Here's something worth noting: while the enterprise segment is a lone bright spot, it doesn't contribute much bottom-line juice. The enterprise business' operating income was $137 million, a figure lower than both the services and PC units' profit number.

Along with enterprise sales, the group of investors trying to scuttle the $24.9 billion management-led buyout will point to the surprising amount of free cash flow that Dell generated. The PC-maker had $1.5 billion, 83 cents a share, in free cash flow in the quarter, and by Southeastern's calculations, Dell threw off $2.22 a share in free cash flow over the past year. Southeastern argues that Dell's cash-flow strength reinforces its belief that Dell is short-changing investors--and should increase the buyout price.

What isn't disputed by the company or Icahn is the terrible state of the computer business. Revenue from end-user computing (the PC part of the business) dropped 5% to $9.1 billion. In addition, it was far less profitable: operating income decreased 71% to $205 million. Worse still were the results from the software business: it reported a quarterly loss. And looking broadly, Dell's company-wide quarterly profit fell by 72% to $204 million, 12 cents a share.

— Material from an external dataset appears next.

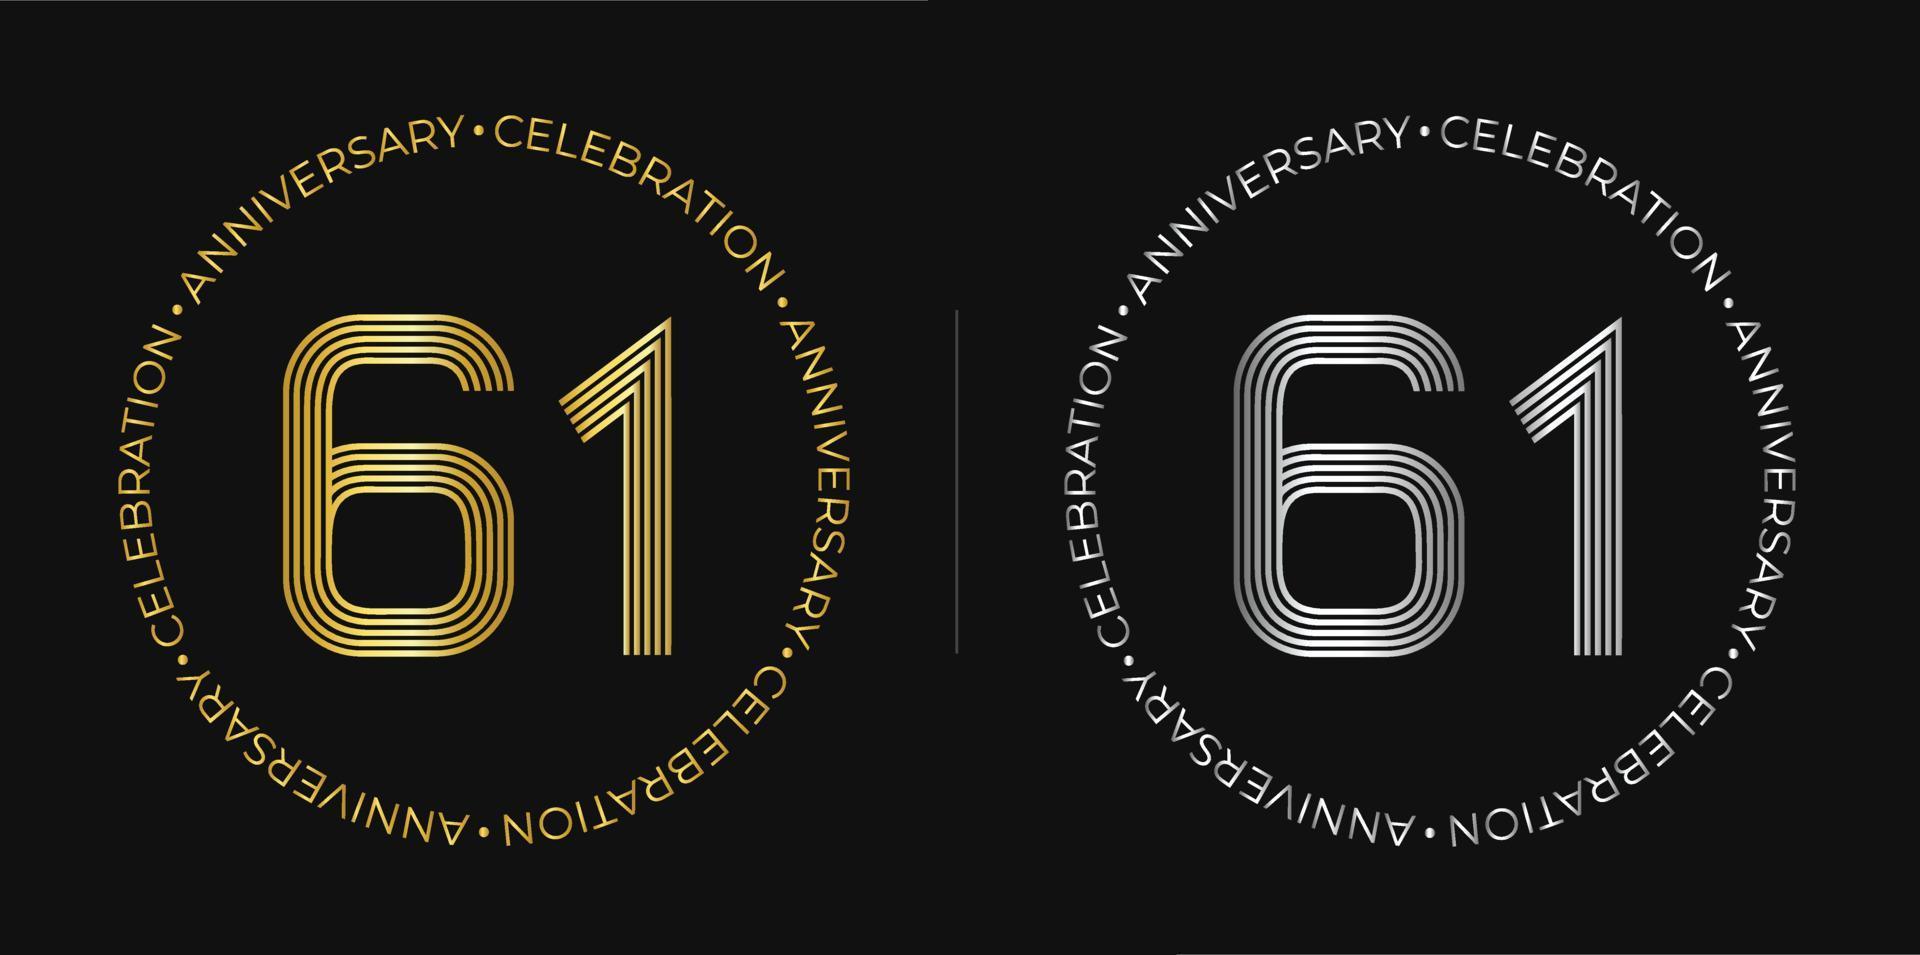 61e anniversaire. bannière de célébration d'anniversaire de soixante et un ans aux couleurs dorées et argentées. logo circulaire avec un design original de chiffres aux lignes élégantes. vecteur

Of course, Dell isn't the only aging firm caught going the wrong in the shifting currents toward gadgets like Apple 's iPad and Google's Android smartphones--a distinct flow away from old-style PCs. Indeed, second-quarter PC shipments dropped 10.9% to 76 million, according to Gartner, a decline that underscores the fundamental change in appetite.

The industry-wide malaise is key to Dell's argument that a turnaround will be best done as a private company--and that billionaire CEO Michael Dell and private-equity shop Silver Lake Partners are indeed offering a fair price. Icahn doesn't believe this, and he'll continue to argue his case right up until next month's shareholder vote on the buyout.